Published studies on spectral tuning have largely focused on (i) the residues responsible for spectral tuning in a specific protein, and (ii) the types of interactions (such as hydrogen bonding) causing spectral tuning. Experimental and computational work on PYP has confirmed that the chromophore absorbance band at 446 nm is a π-π^∗ transition, has identified Glu46 and Tyr42 as the main contributors to the effect of the protein on the pCA absorbance spectrum, and has revealed that the hydrogen bonding interactions between these two side chains and the pCA are critical for spectral tuning in PYP (18–21, 24–27). These studies have all focused on the energy gap between the S₀ and S₁ states, i.e., ΔE-tuning.

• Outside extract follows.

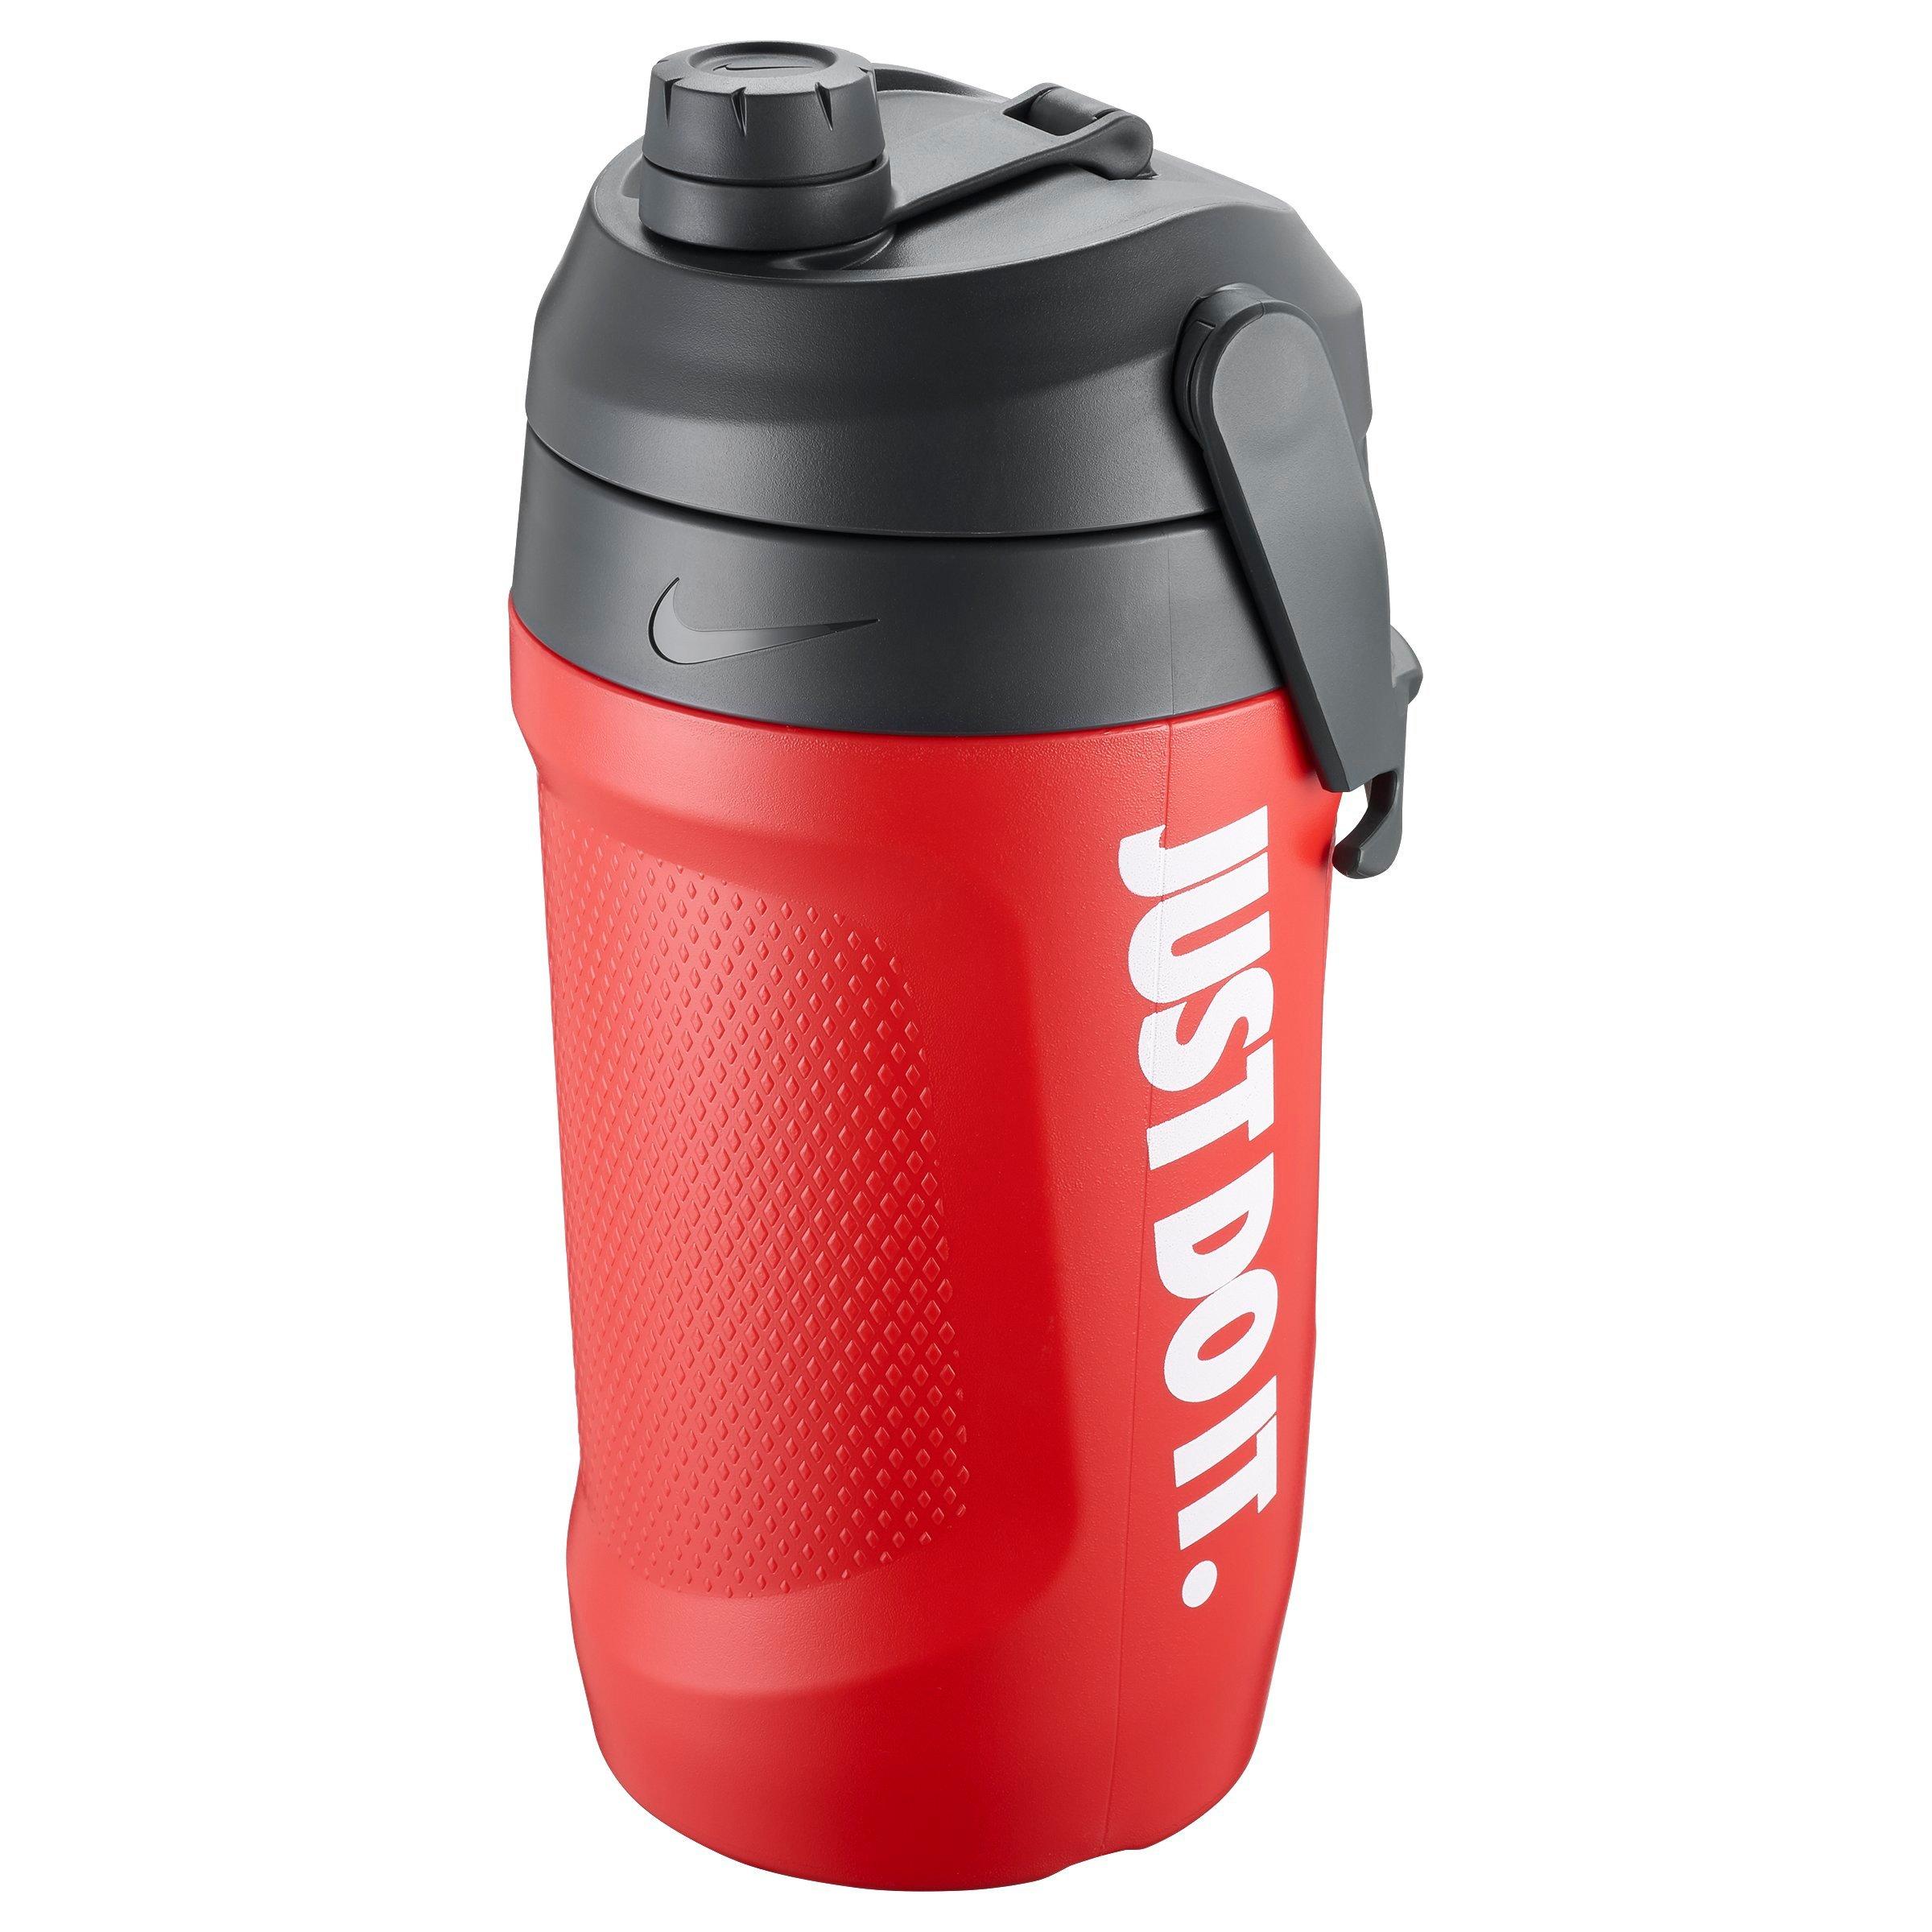 Playmaker Jug Water Bottle (64 oz) from Under Armour

The approach described here allows a third type of information to be obtained: What changes in the ΔE, R_e, and W of the S₀ and S₁ energy surfaces result in spectral tuning? We have shown here that these three cases can be experimentally distinguished by examining the effect of mutations on both the absorbance and fluorescence emission spectra of the chromophore. A general assumption in the field is that changes in ΔE are responsible for biological spectral tuning. For residue 46 in H. halophila PYP we found that in fact changes in W for the S₁ state are the dominant factor, revealing a unique mechanism for spectral tuning.

Materials and Methods

Mutagenesis, Expression, and Purification of PYP.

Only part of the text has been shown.